If you’re concerned about low stomach acid, the most practical step is talking to your prescriber about whether you still need acid-suppressing medication at your current dose, especially if you’ve been on it for years. For most people who aren’t taking these medications, stomach acid levels remain where they should be without any special intervention.
What “Better pH Balance” Really Means
The most useful way to think about pH is not as a single number you need to fix, but as a collection of distinct environments your body maintains for different purposes. Your blood handles itself. Your stomach needs its extreme acidity left alone. Your skin and vagina are the two areas where your daily choices, from the cleanser you use to whether you take a probiotic, can genuinely shift pH in a direction that helps or hurts.

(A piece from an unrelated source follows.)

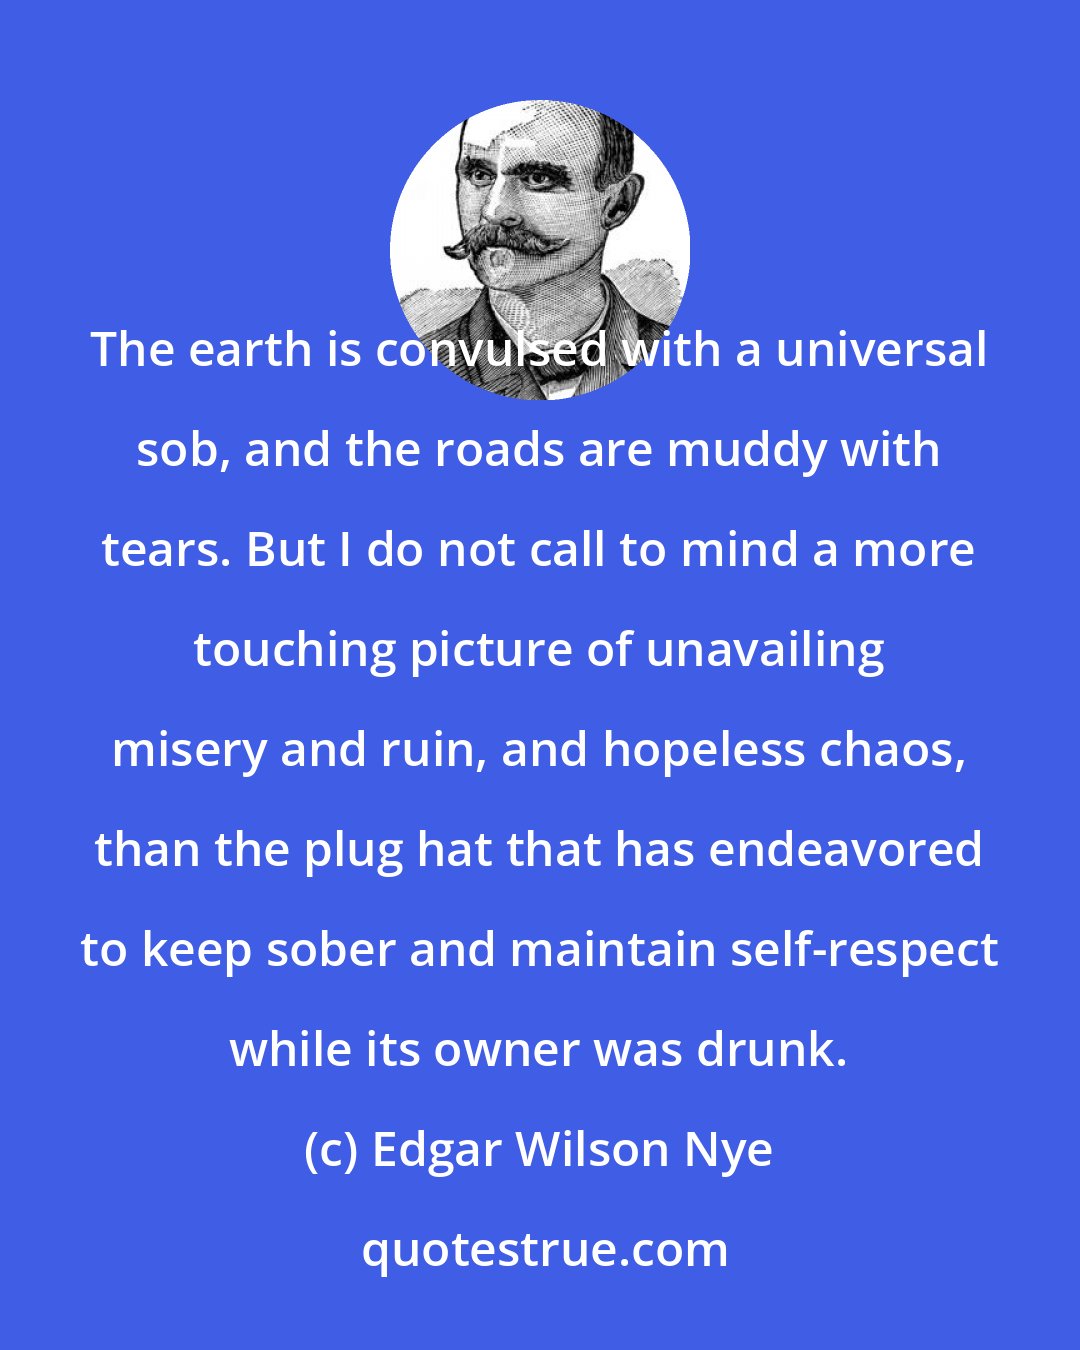 Edgar Wilson Nye: The earth is convulsed with a universal sob, and the roads are muddy with tears. But I do not call to mind a more touching picture of unavailing misery and ruin, and hopeless chaos, than the plug hat that has endeavored to keep sober and maintain self-respect while its owner was drunk.

Eating more fruits and vegetables, fewer processed foods, and staying well-hydrated supports the overall metabolic environment your kidneys work within. Choosing gentle skin care products protects your acid mantle. And for vaginal health, specific Lactobacillus probiotics have real clinical evidence behind them. The common thread isn’t a single supplement or superfood. It’s reducing the things that disrupt your body’s natural acidity and supporting the systems already in place to maintain it.